Another thing: I don´t know what kind of airbrush you use. There are some pistols out there, that don´t really deserve the name "airbrush". If you use Createx, a nozzle diameter of 0.3 mm should do well with a medium air pressure. You might want to check out a bit what pressure matches best. I also don´t know, what kind of compressor you are using. Some don´t even have an air tank, therefore the nozzle pressure will vary extremely. The pressure builds up in the hose, you fire out a big cloud and then the pressure goes down and the paint will splatter. Best choice is always a piston compressor with tank. Keeps the adjusted pressure stable.
Good luck!


----------



## Learnector (Nov 16, 2021)

It is an oil and water thing. Plastics being oil base reject the water based paint. Sanding gives the surface some "tooth" for the water based paint to adhere to (hang on?) I would guess by breaking up the "surface tension" of the water allowing it to collect in the valleys (the scratches from sanding). The sanding will help the primer (sealer) to stick better. Basically you need it as a transition coat (underwear?) to get from oil to water. Ah, we could call it a wet suit.


----------



## irishtrek (Sep 17, 2005)

Yes a brush can be cleaned with water after you apply acrylic paint but is acrylic paint a water based paint??


----------



## Zombie_61 (Apr 21, 2004)

irishtrek said:


> Yes a brush can be cleaned with water after you apply acrylic paint but is acrylic paint a water based paint??

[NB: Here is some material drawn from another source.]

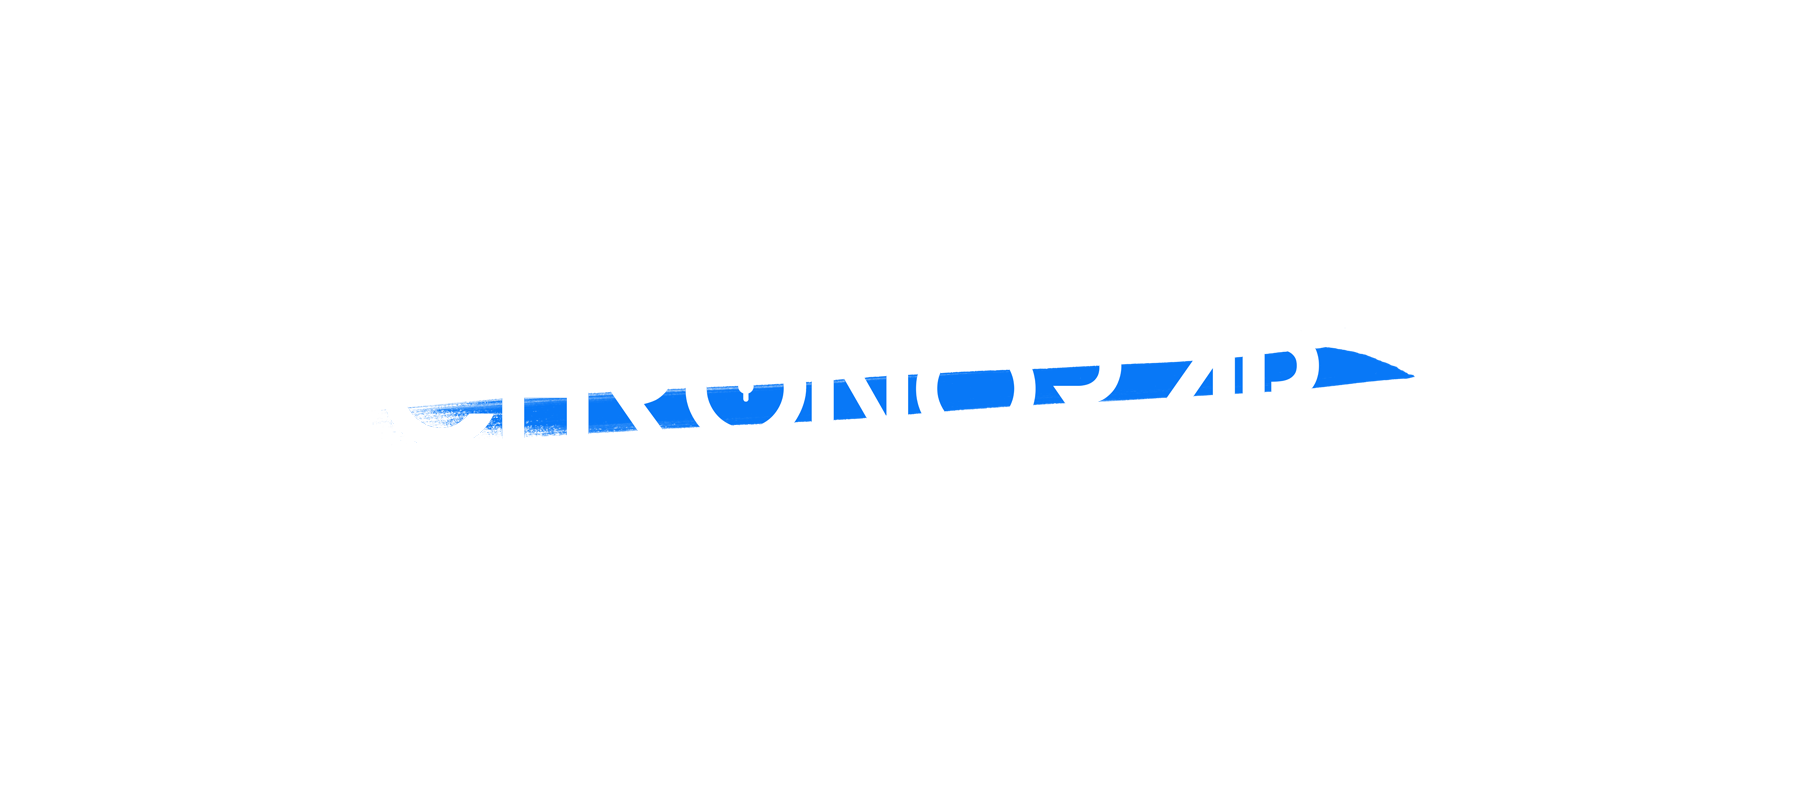 chronorap site rap francais page des ratistes marseillais
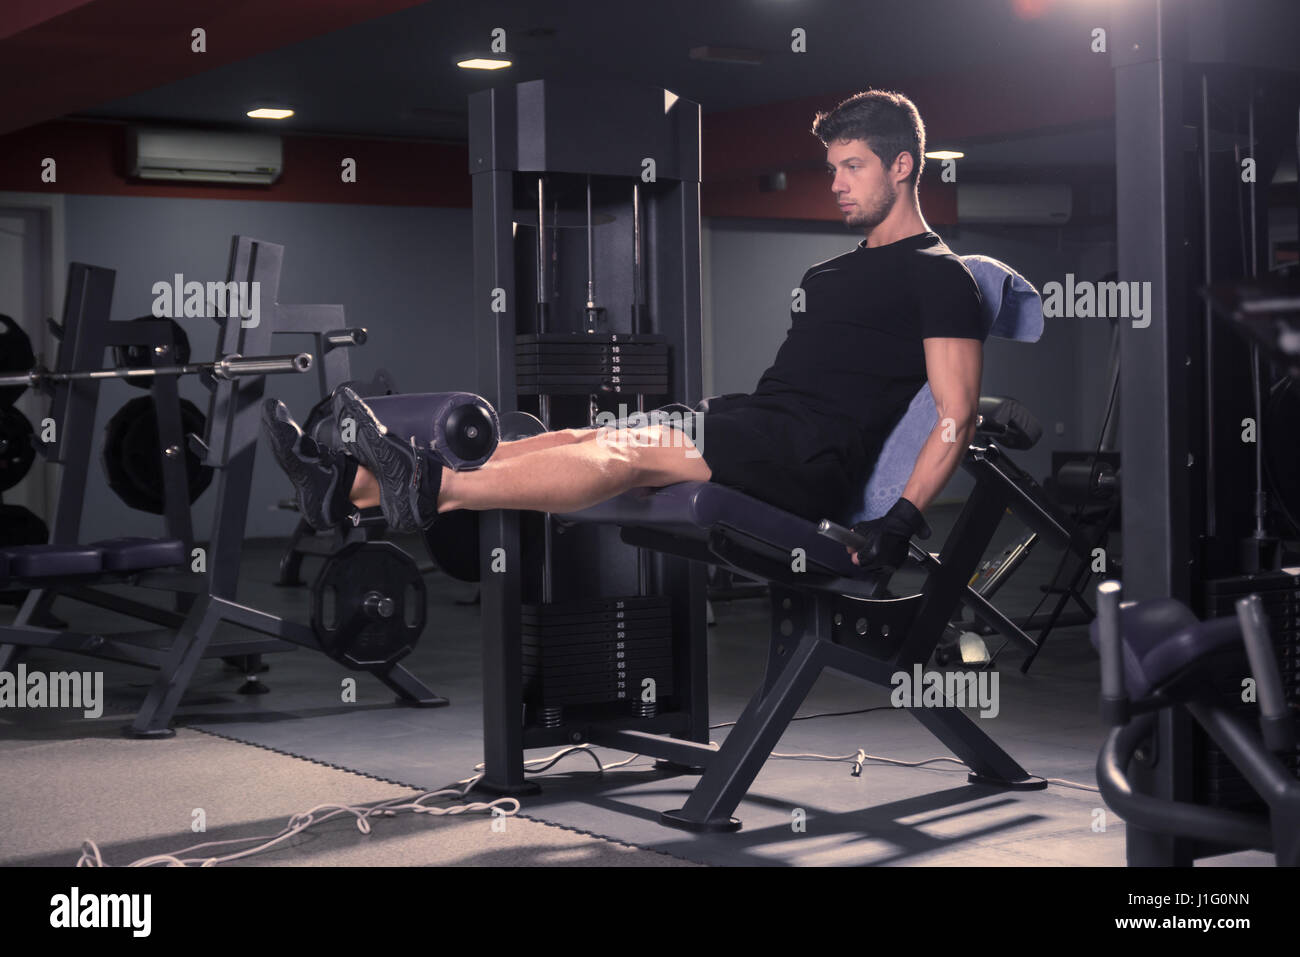 jung, fit schlank sportlicher Mann, Beinstrecker, drinnen sitzen Fitness-Studio, Fitness-Geräte. Stockfoto

Most, but not all, acrylic paints are considered to be "water-based".


----------



## BigRBTrout (12 mo ago)

Thanks for all the input, guys.
I got some light gray primer a couple of days ago. 
I'm working on a '69 Boss 302 car. On the back panel (tail light area) I tried lightly sanding (removing bumps) with 10K sandpaper and painting. 
On the hood, I stripped the paint, lightly sanded and primed. I think the hood came out better, although it's hard to tell from the pics. 
I've already primed the body and need to mix colors to get as close to calypso coral as I can get.


----------



## BigRBTrout (12 mo ago)

I was going to try to match Calypso Coral, one of the original '69 Boss 302 colors. After spraying primer on the entire car, I put a base coat of red down. I thought that I'd then use a mix of transparent yellow and orange on top of the red to get close to the coral I wanted. After spraying the front headlight area and seeing how cool that looked, I decided to try a light to dark fade. I think it turned out pretty well.


----------



## Milton Fox Racing (May 27, 2014)

It did turn out nice! 🤙


----------



## Andy Oldenburg (Feb 16, 2021)

Cool color fade! Matches very well to the fastback Mustang. Happy to see that your airbrushing has made that big step forward.


----------



## BigRBTrout (12 mo ago)

thanks, guys.


----------